- 19 April, 2011 from 1:00 pm — 2:00 pm
- MSI Seminar Room, Building 74
- Open to:
Dr Hugh Hunt of Cambridge University will discuss the SPICE project, which investigates the benefits, risks, costs and feasibility of solar radiation management through the deployment of reflective aerosols in the stratosphere.
We propose that particles can be delivered to the stratosphere through a high-pressure pipe suspended by a balloon tethered at an altitude of 20 km. An ultra-high pressure pumping system would deliver a particulate slurry to be dispersed at altitude. The resulting particulate cloud would then lead to global cooling by increasing the albedo of the planet in just the same way as the planet cools after a large volcanic eruption.
The project falls under the general heading of “Geoengineering”, ie how to cool the planet if we fail to control global CO2 emissions.
SPICE presents many novel engineering challenges, especially the design of the pipe and pumping systems to withstand pressures up to 4000 bar and tensions up to 500 tonnes.

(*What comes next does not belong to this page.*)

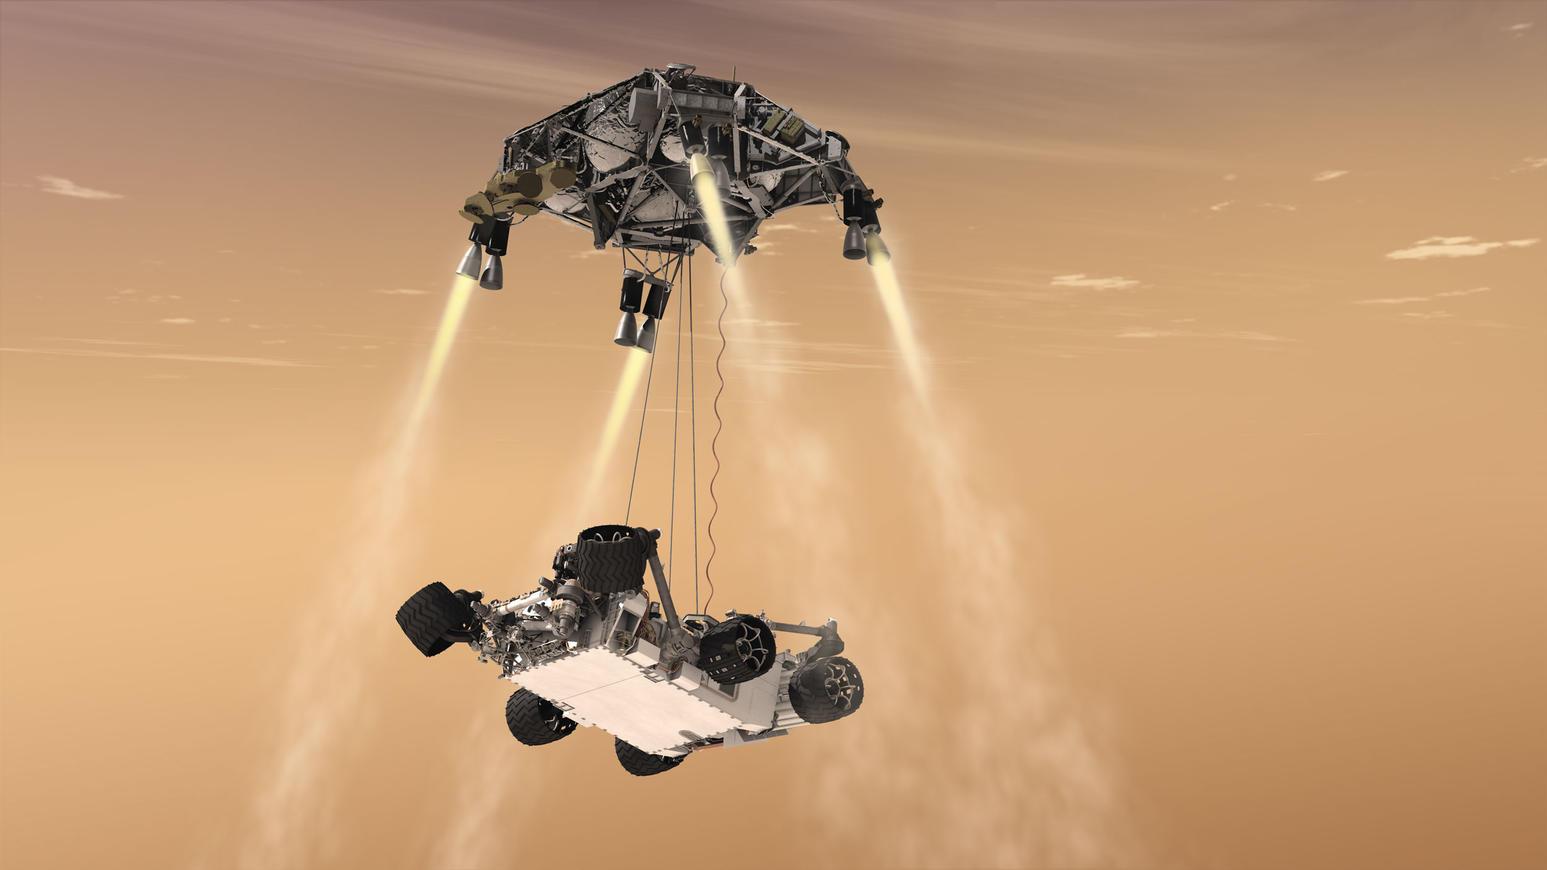 Obrázek: Vozítko Perseverance a unikátní helikoptéra zamíří na Mars později, start se musí stihnout letos

In this presentation a number of these challenges will be discussed, including the challenge of preparing a 1 km test-bed to be constructed in November this year. Preliminary wind tunnel test results will also be presented as an illustration of the complexity of the dynamic behaviour of the tether in high winds.
SPICE is funded by the UK Engineering and Physical Sciences Research Council. Our major collaborators are Bristol and Oxford Universities.
This seminar is presented jointly by the Faculty of Engineering and the Monash Sustainability Institute.